No Fooling Around On 1800s April Fool’s Day

There are already a lot of reasons why I’m thankful to not live in the 1800s, and I just discovered one more. Nowadays we don’t do April Fool’s Day the way some of those crazy bastards did April Fool’s Day. Near train derailments, sick babies…and this, which is what Not Funny tags are made of.
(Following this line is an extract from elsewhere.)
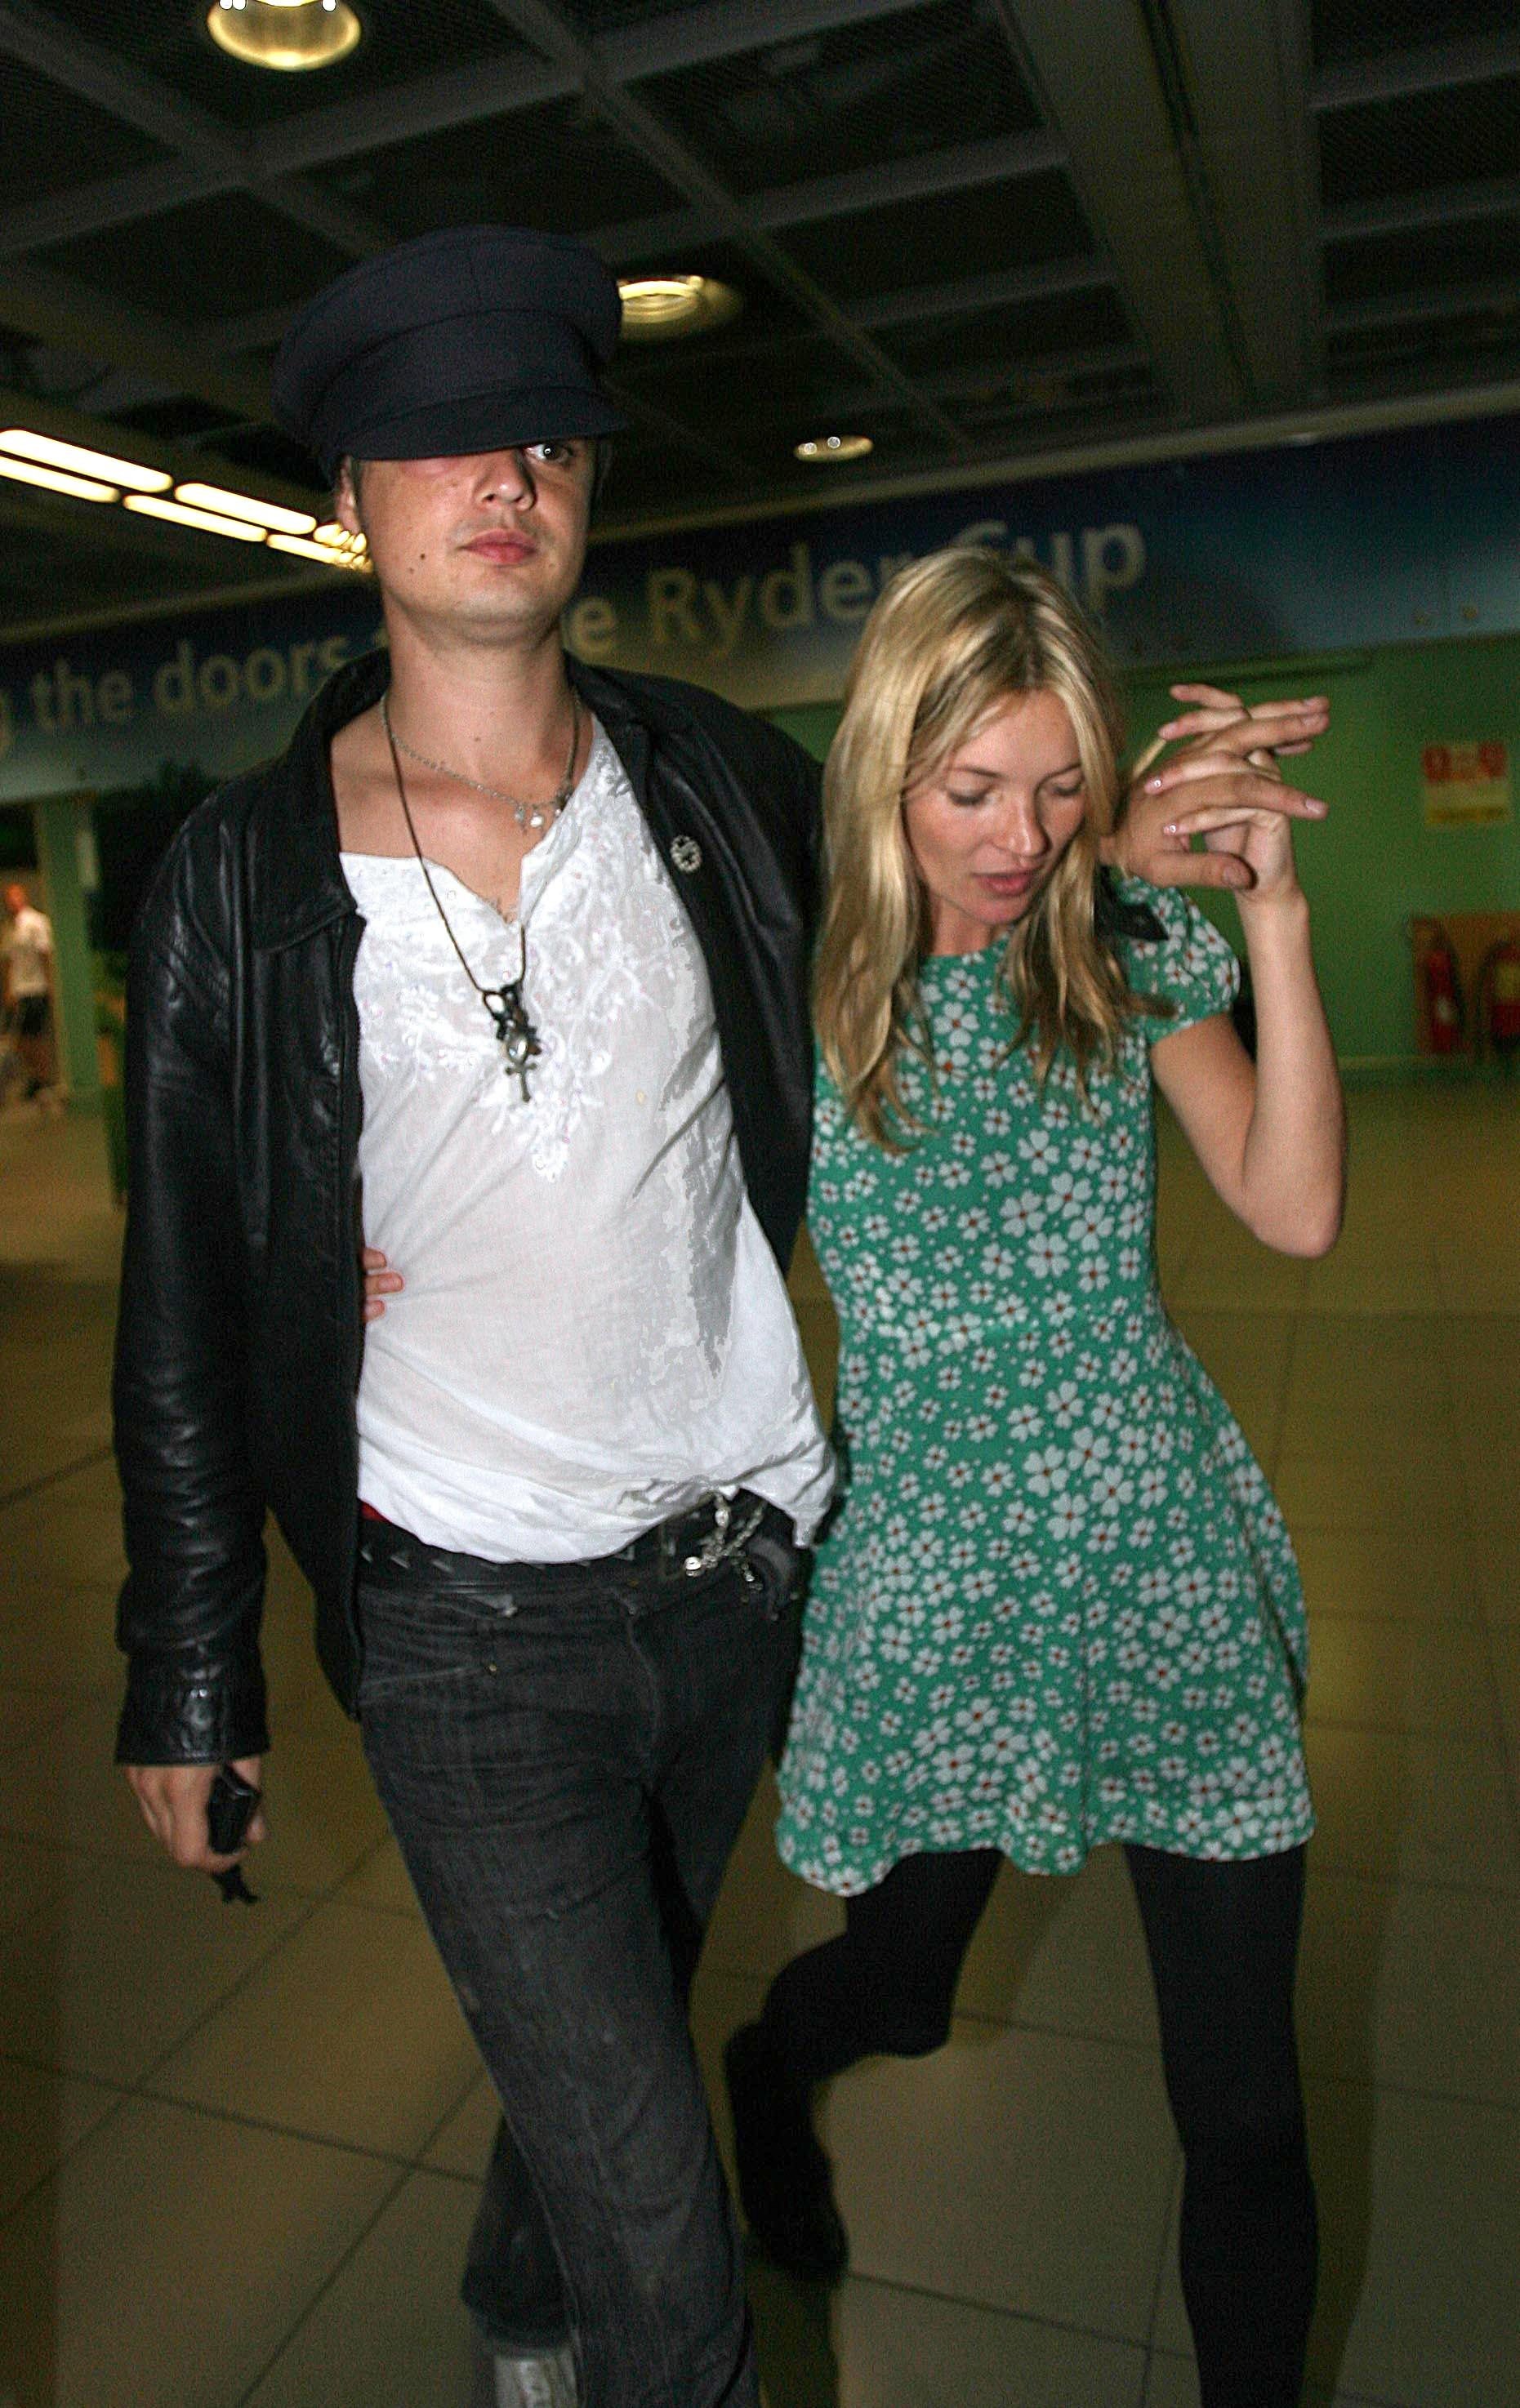 Babyshambles lead singer Pete Doherty and model Kate Moss arrive at Dublin Airport for a Babyshambles gig in Carlow

Sneaked into the kitchen, filled the pepper castor with gunpowder, and placed a cartridge in the coal scuttle. Ordered cook to keep up a good fire, and give me a beef bone for breakfast. Determined that wife should see that other people could blow up as well as herself. Went up stair and waited for row. Cook peppered the bone when it was on the gridirion, and, frightened into fizgigs, dropped castor into the fire. Both went off together — castor into atoms, cook into hysterics. Sam, the porter, who was toasting his bread and butter, that he might have a dejeune a la fourchette, said he was “narvish,” and popped on a few coals to make up the fire.
Grand explosion: last scene of Miller and his Men. — Boiler blown up, scalding cat and three kittens, who jumped about, giving fine specimens of animal magnetism. Sam, with a live coal in his eye, dancing about, blind with rage, cleared the shelves of crockery with his toasting fork; and coming to anchor in a large block-tin dish cover, sat down to swear. Never laughed so much in my life.
via the Baltimore Sun (1839)

Holy shit. Like seriously.

There’s also mention of an accidental hanging during an attempted prank, which I’m surprised hasn’t happened more recently, come to think of it.

Anyway, I think I’m going to hate everyone’s stupid fake press releases a little less this year. Well, maybe. Some of those things are really damn awful.